One of the sprint’s main tracks focused on using LLMs to enhance the impact and scale of chat services in the social sector.
Six organizations participated, with operations spanning Africa and India. Bandhu empowers India’s blue-collar workers and migrants by connecting them to jobs and affordable housing, helping them take control of their livelihoods and future stability. Digital Green enhances rural farmers’ agency with AI-driven insights to improve agricultural productivity and livelihoods. Jacaranda Health provides mothers in sub-Saharan Africa with essential information and support to improve maternal and newborn health outcomes. Kabakoo equips youth in Francophone Africa with digital skills, fostering self-reliance and economic independence. Noora Health teaches Indian patients and caregivers critical health skills, enhancing their ability to manage care.
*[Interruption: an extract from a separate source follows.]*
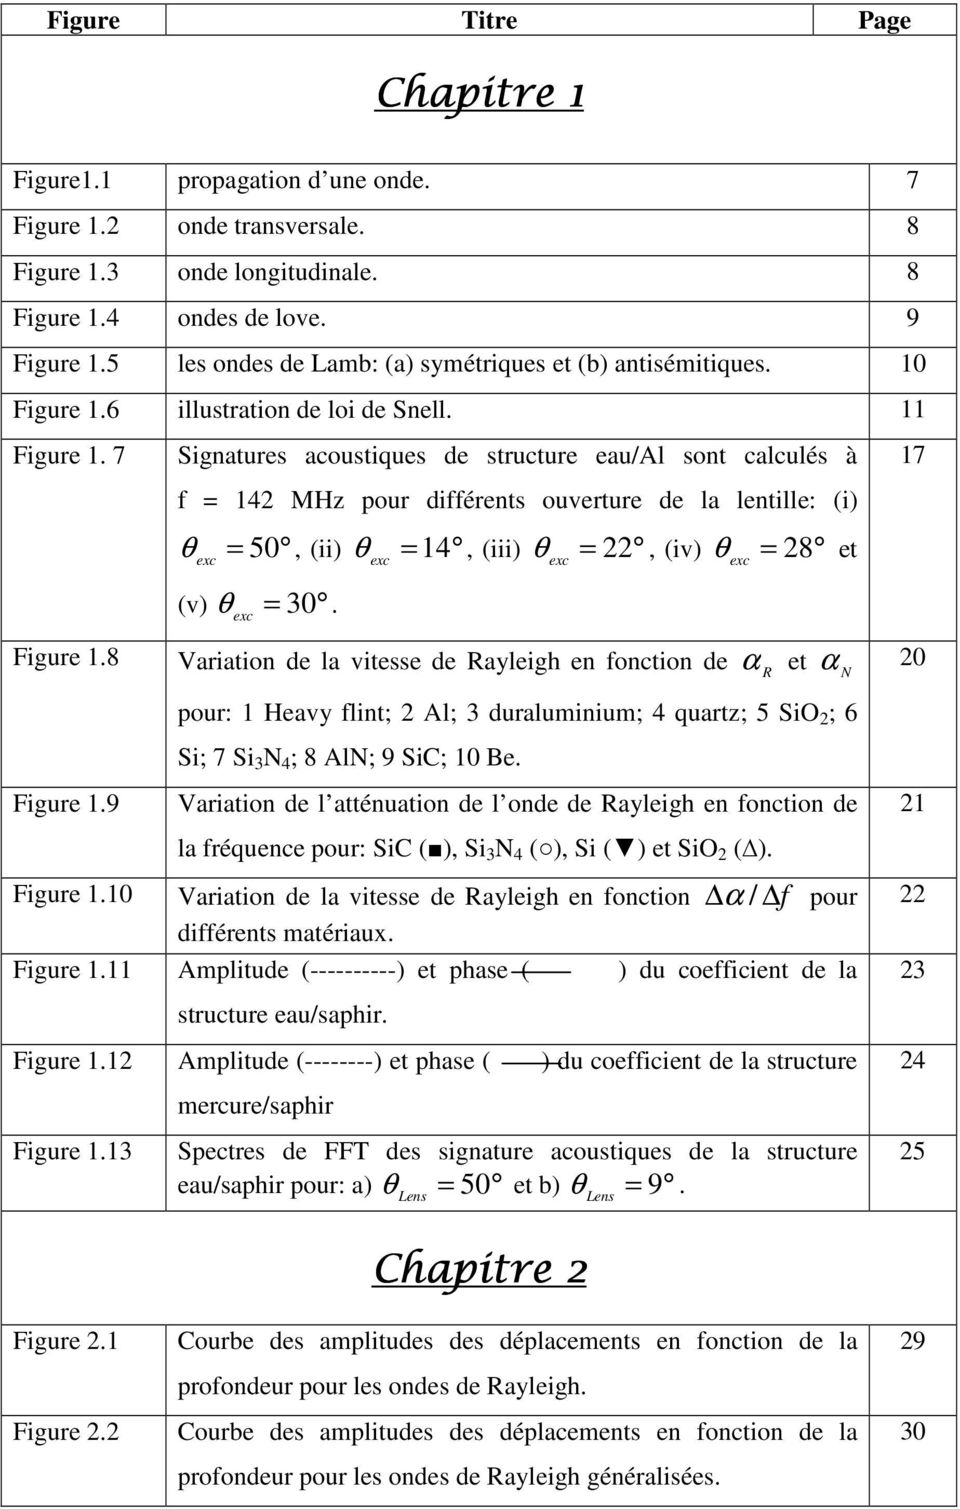 7 Signatures acoustiques de structure eau/al sont calculés à f = 142 MHz pour différents ouverture de la lentille: (i) θ = 50, (ii) θ =14, (iii) θ = 22, (iv) θ = 28 et exc (v) θ = 30.

Udhyam provides micro-entrepreneurs’ with education, mentorship, and financial support to build sustainable businesses.
These organizations demonstrate diverse ways one can boost human agency: they help people in underserved communities take control of their lives, make more informed choices, and build better futures – and they are piloting AI interventions to scale these efforts. Each organization recently deployed their own AI-enabled chat programs that are already receiving an average of 3,000 messages per day in Hindi, Swahili, English, and a range of other languages.
Arriving in Bangalore ready to roll up their sleeves, collaborate, and learn, the participating organizations quickly identified a common set of LLM pain points – including technical issues (i.e., how their LLMs function) and higher-level challenges (i.e., how LLMs help advance their missions):
Technical issues
Understanding and adapting LLMs to individual user needs, providing relevant responses and guidance
Reducing “hallucinations,” where chatbots provide incorrect or factually wrong information
Fine-tuning responses to ensure context-specific answers
Supporting low-resource languages (for which there is limited data available to train LLMs)
Enhancing response accuracy via Retrieval Augmented Generation (RAG), a common LLM architecture
Analyzing more detailed user feedback (currently limited to thumbs up/down)
Enabling faster scaling by reducing reliance on humans to vet responses
Tackling questions outside the RAG knowledge base
Higher-level challenges
Maintaining ongoing interaction with users after initial chat
Building user trust, especially to ultimately convert users to high-trust actions like digital payments
Reaching more people and scaling operations
Retaining users and keeping them engaged, especially through features and content
Building community among users to reduce engagement gaps (especially after training ends, when engagement typically decreases)
Delivering more tailored responses that are best fit to the individual's context to boost long-term outcomes
Across these pain points, four challenges of LLM integration stand out.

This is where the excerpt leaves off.